Pre-Born-Oppenheimer Dirac-Coulomb-Breit computations for two-body systems

TL;DR

This paper presents a variational method to solve the no-pair Dirac--Coulomb--Breit equation for two-body systems, providing accurate relativistic energies for systems like positronium and hydrogen, aligning well with QED predictions.

Contribution

It introduces a variational approach to directly solve the no-pair Dirac--Coulomb--Breit equation for two-body systems, bridging relativistic quantum mechanics and QED.

Findings

Excellent agreement with perturbative QED energy expressions

Demonstrates the method's accuracy for various two-body systems

Establishes a reference for relativistic QED computational approaches

Abstract

The sixteen-component, no-pair Dirac--Coulomb--Breit equation, derived from the Bethe--Salpeter equation, is solved in a variational procedure using Gaussian-type basis functions for the example of positronium, muonium, hydrogen atom, and muonic hydrogen.

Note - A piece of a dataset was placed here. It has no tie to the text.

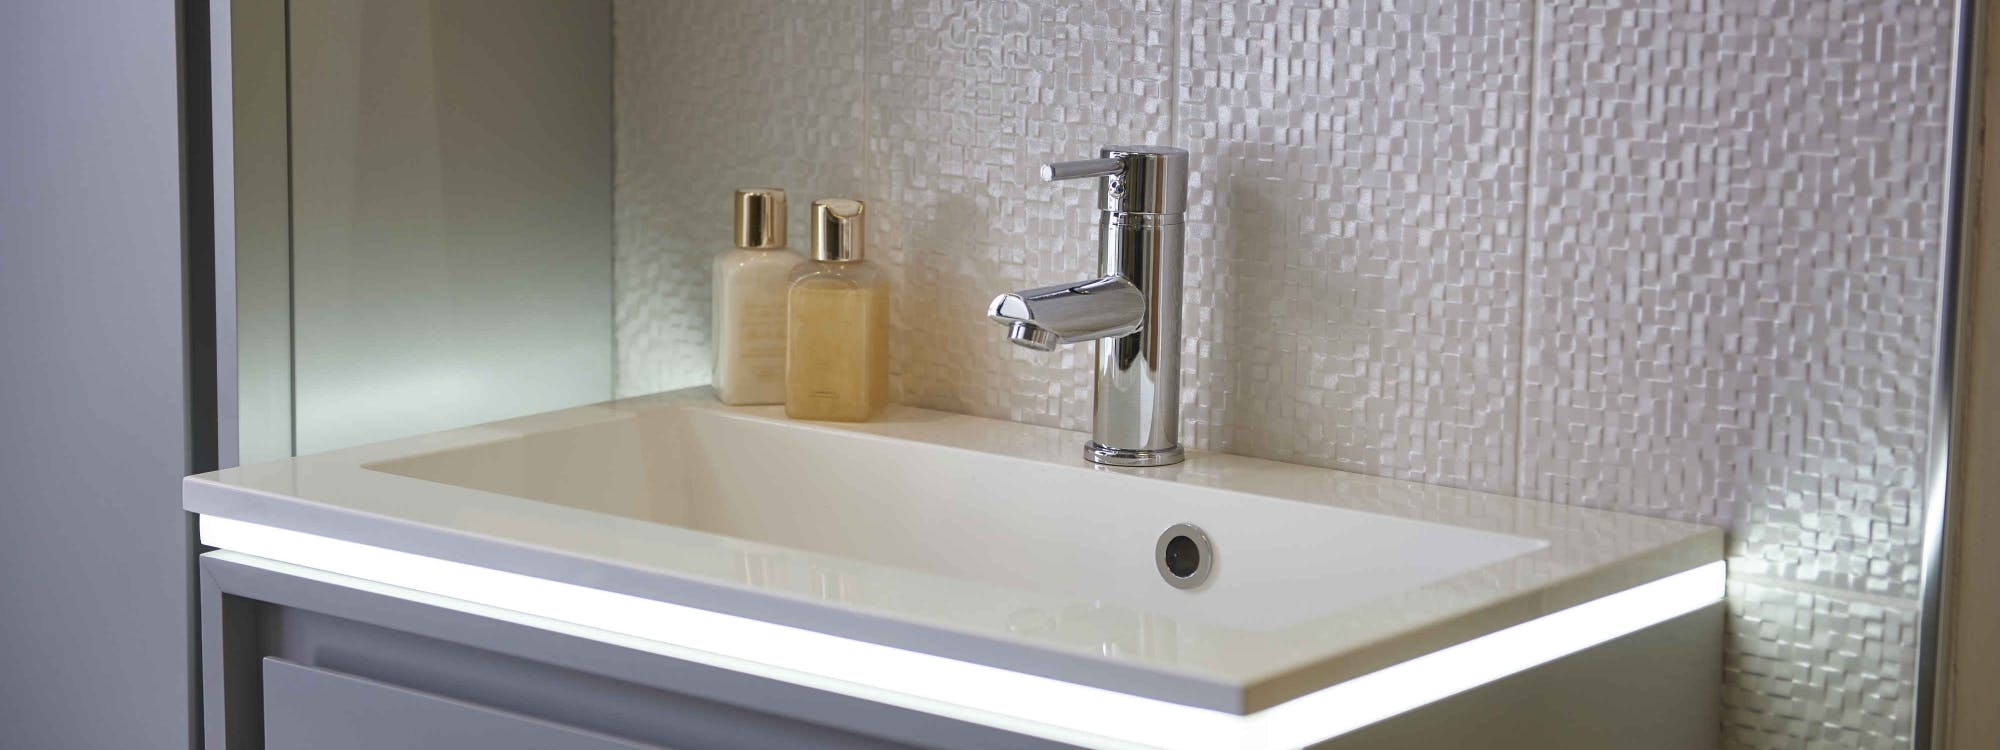 Bradford Bathrooms | Bathrooms Bradford | More Bathrooms Design & Install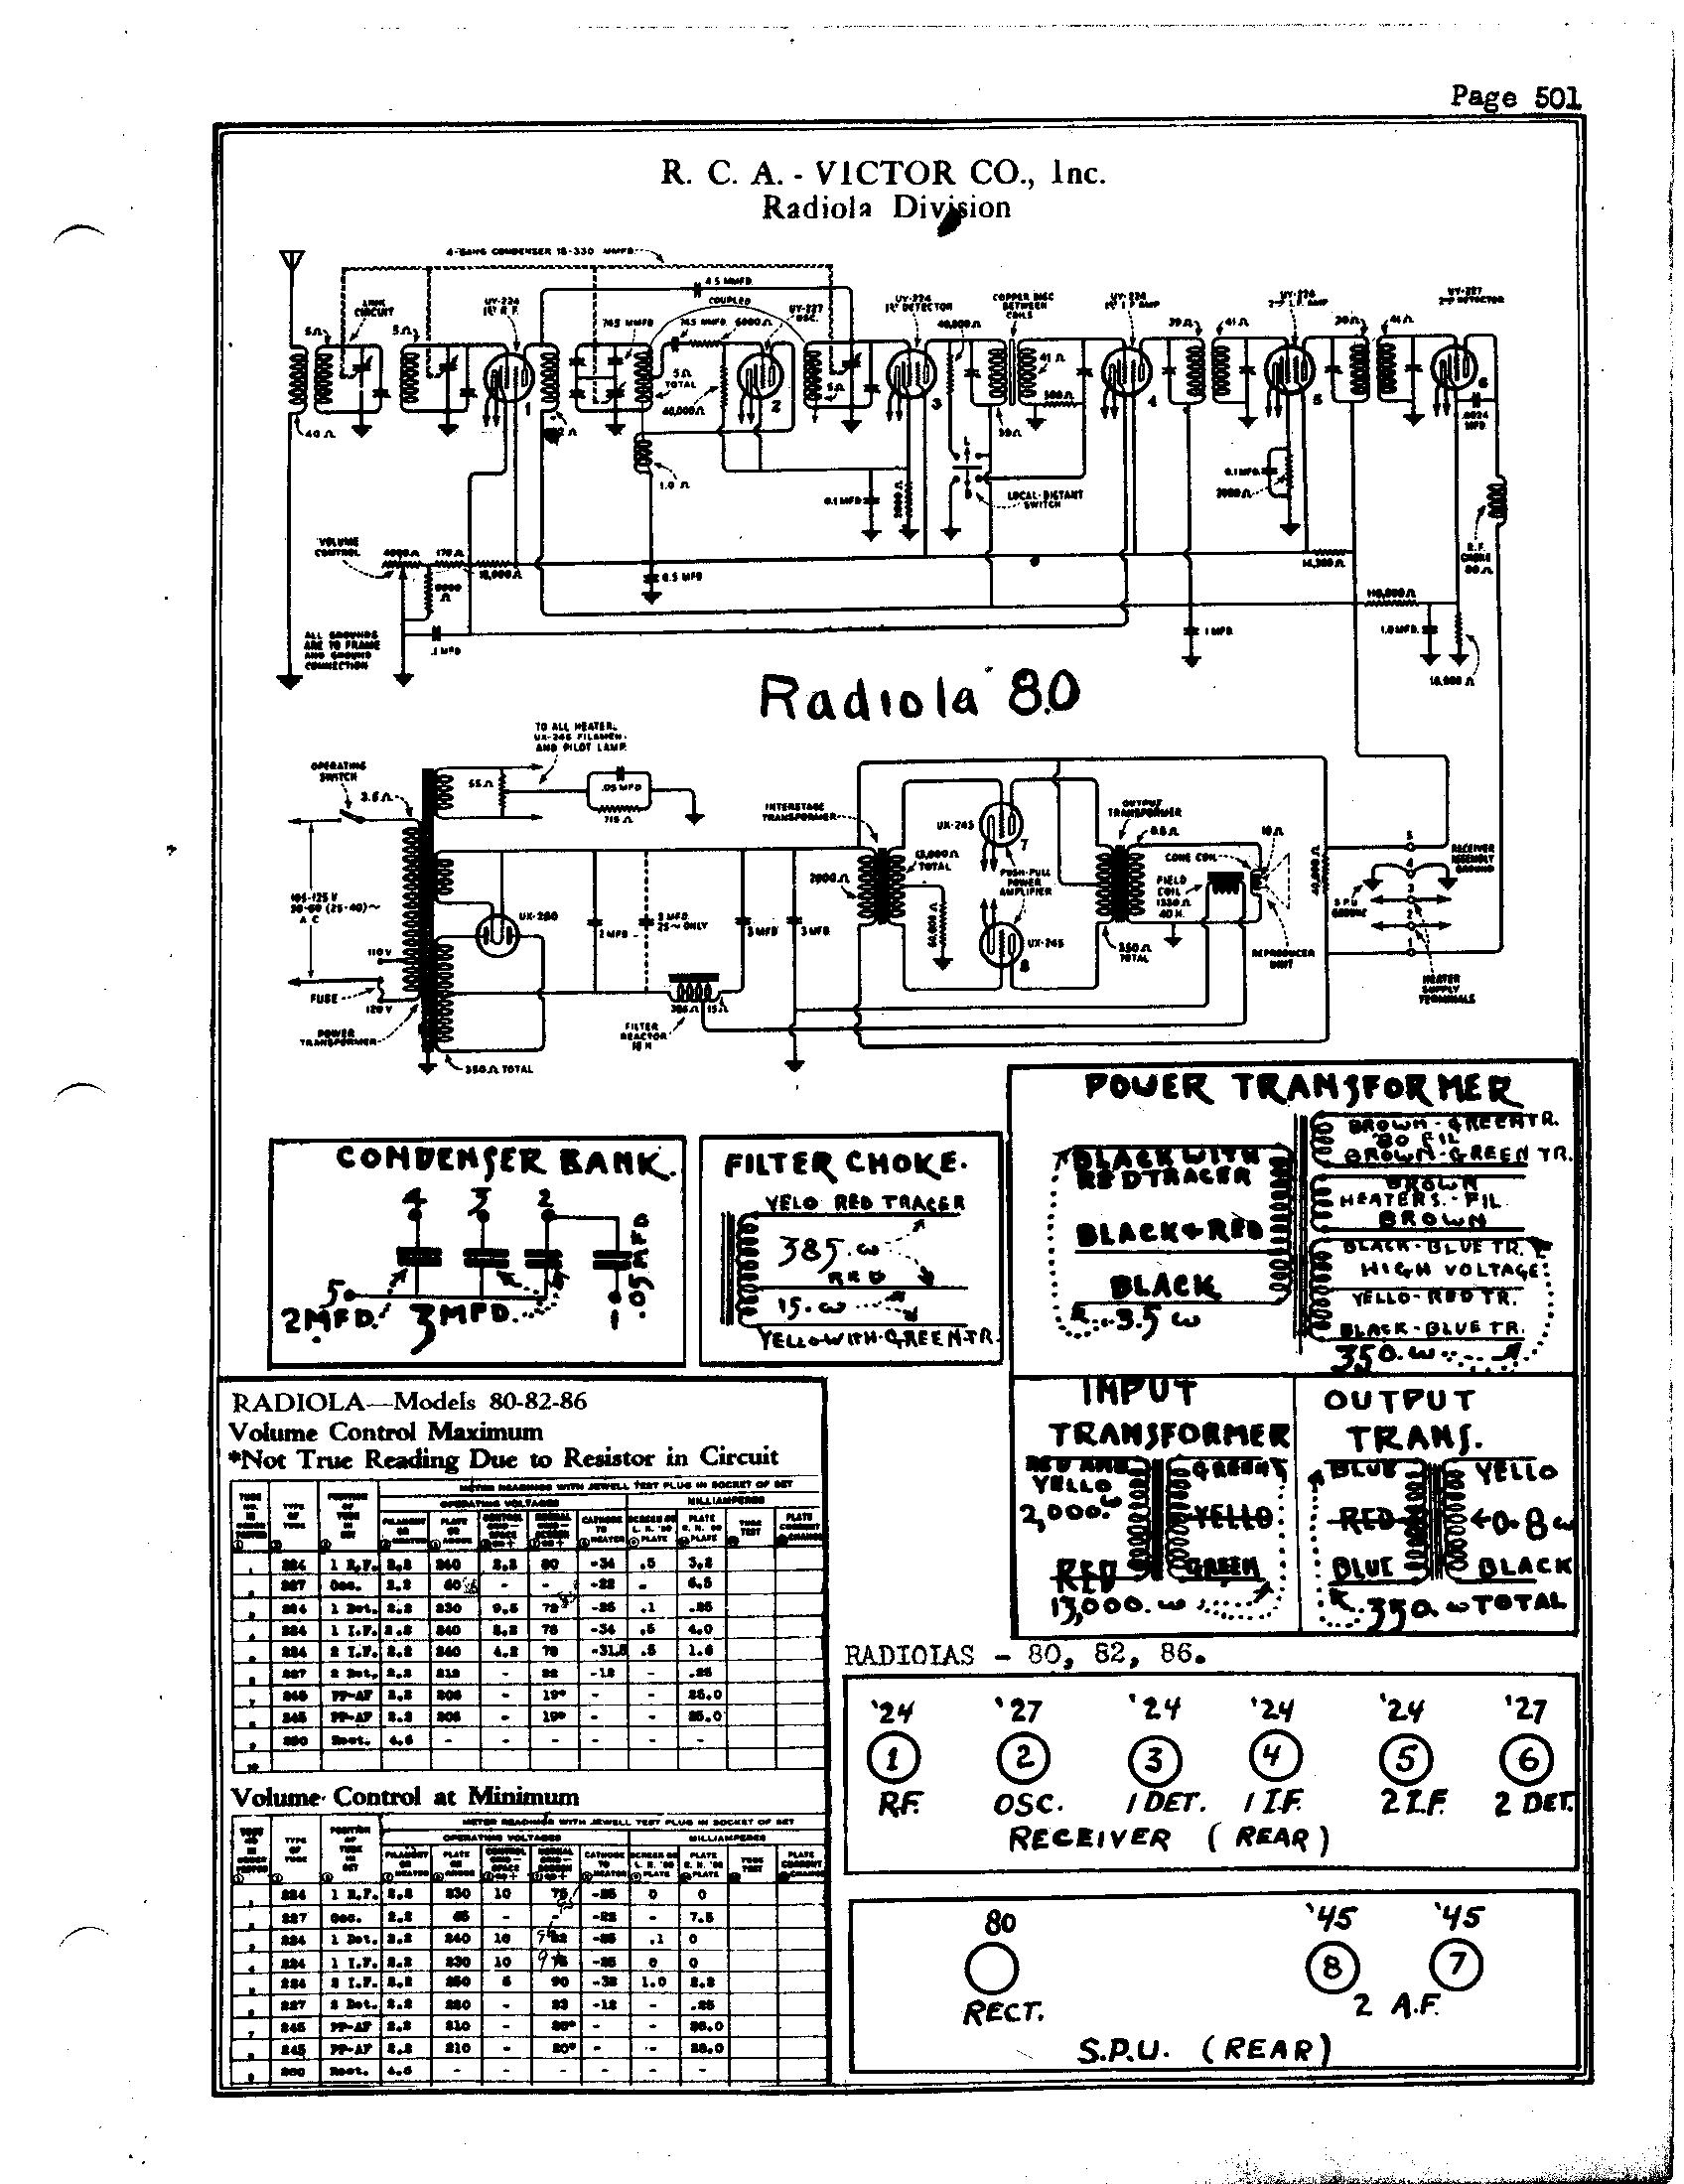 RCA Victor Co., Inc. Radiola 86 Schematic

The $\alpha$ fine-structure-constant dependence of the variational energies, through fitting a function of $\alpha^n$ and $\alpha^n\text{ln}\alpha$ terms, shows excellent agreement with the relevant energy expressions of the (perturbative) non-relativistic QED framework, and thereby, establishes a solid reference for the development of a computational relativistic QED approach.